When you’re ready to make pie, preheat your oven to 425. Pull your dough rectangle out of the fridge, cut it in half longways, and then cut each half into 5 nuggets. Roll your dough nugs into balls with your hands and roll the balls into disks with a floured rolling pin. I like to go pretty thin, like 1/8th of an inch.
Dough nugs! I used whole wheat flour for all the pies in these pictures, which is why they are brown. White flour will definitely produce tastier results, but I decided if I’m going to be baking at home all the time I might as well gesture towards health a little bit.
Put filling on one half of your dough circle, leaving about a half inch border of bare dough at the edge. Fold your dough over your filling and press the seam together with your fingers, then crimp with a fork.
Either cut slits with a sharp knife in the top of your dough or dock the top by poking a bunch of holes in it with a fork. Rub down each pie with vegetable oil, and bake on parchment lined pans for 20-30 minutes. When done, the edges should be golden brown and all the pastry should feel hard to the touch.
The finished product. The oil rub on the outside produces a nice pseudo-fried exterior.
*Notes*
If you don’t want to roll out each pie individually, you can roll all your dough out at once and cut it into rectangles. Fill and fold the rectangles the same way you would a circle of dough.
You can also totally deep fry these if you want to throw caution to the winds. Fry at 350 in deep oil, turning frequently until both sides are golden brown.
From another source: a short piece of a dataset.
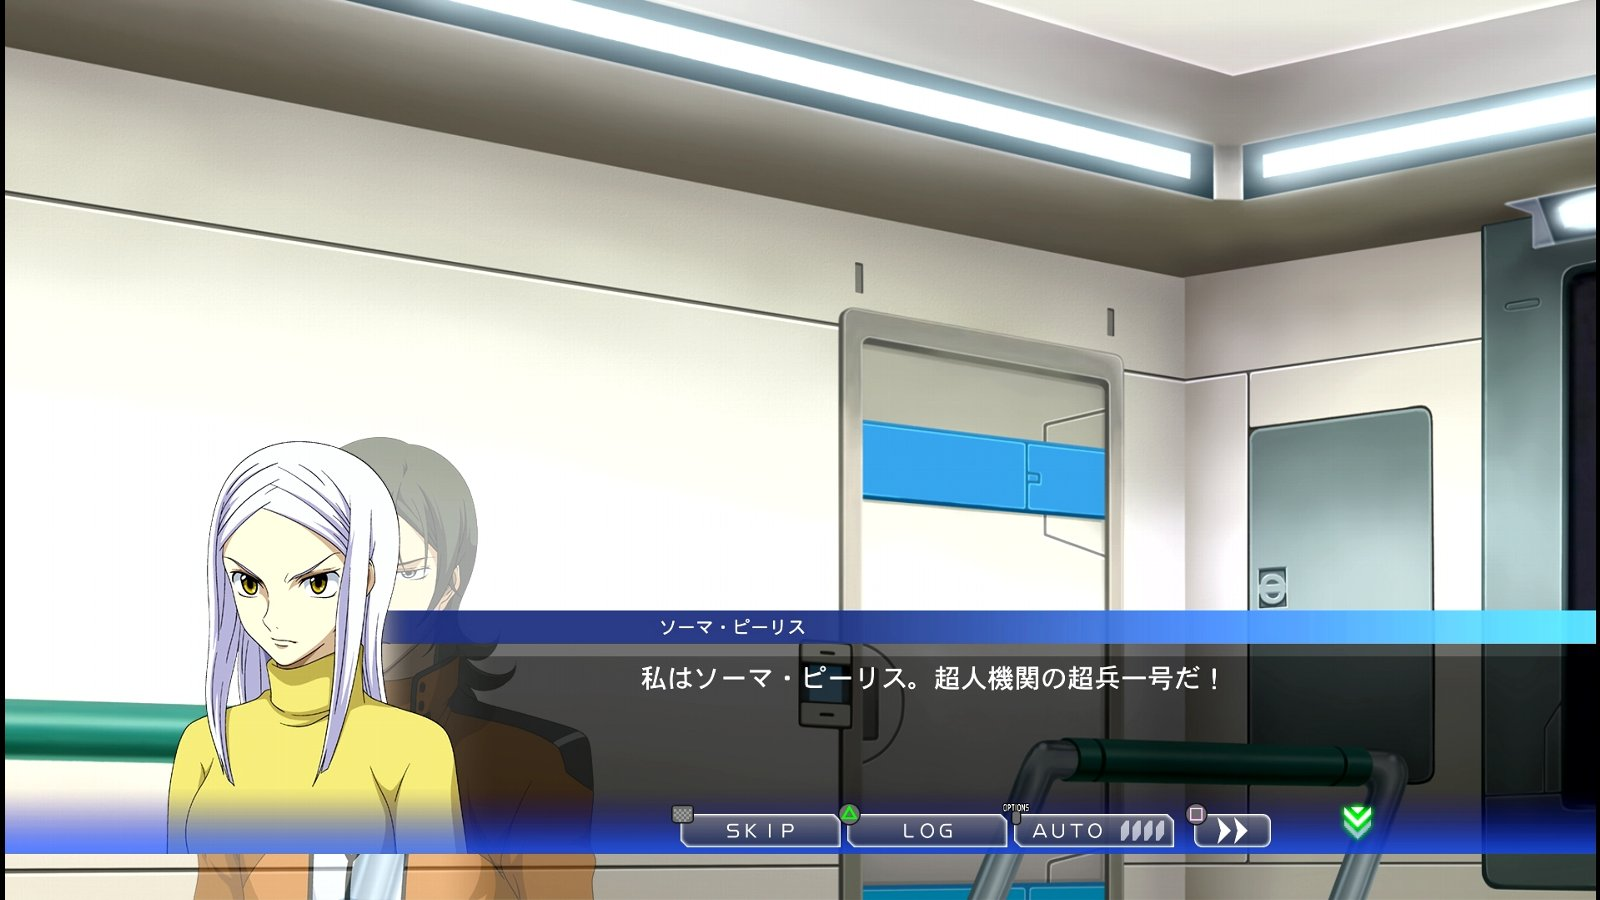 レイズ オートマトン クロス 【Gジェネクロスレイズ】ガンダム00第13話 未来のために

Filling can leak out of the pie and cause gnarly splatters so, uh, watch out.
Greens and Feta Pie Filling
This is like a much much easier, slightly less indulgent spanakopita.
one batch of cooked greens
2 cups crumbled feta
2 tbsp lemon juice
salt and pepper, to taste.
Working a handful at a time, squeeze all the juice out of your greens and put the dry greens on a cutting board. Save the juice!! Use it in soup. Chop your greens finely, then add to a bowl and mix with the other ingredients. Go heavy on the seasoning here. The crust will kind of mellow out the flavor of the filling, so you want to season aggressively to compensate. Mound your filling onto a plate and divide into 10 equal portions before you start making your pies.
You can see how the baking powder makes the interior of the crust a little biscuit-y.
Glazed Apple Pies
For the filling:
3-4 green apples, peeled, cored and diced into 1/2 inch pieces
2 tbsp flour
tsp salt
6 tbsp brown sugar
tbsp apple cider vinegar
tsp cinnamon
tsp vanilla
FYI: for sweet pies, I like to mix a couple teaspoons of sugar into my pie dough. Everything else is the same.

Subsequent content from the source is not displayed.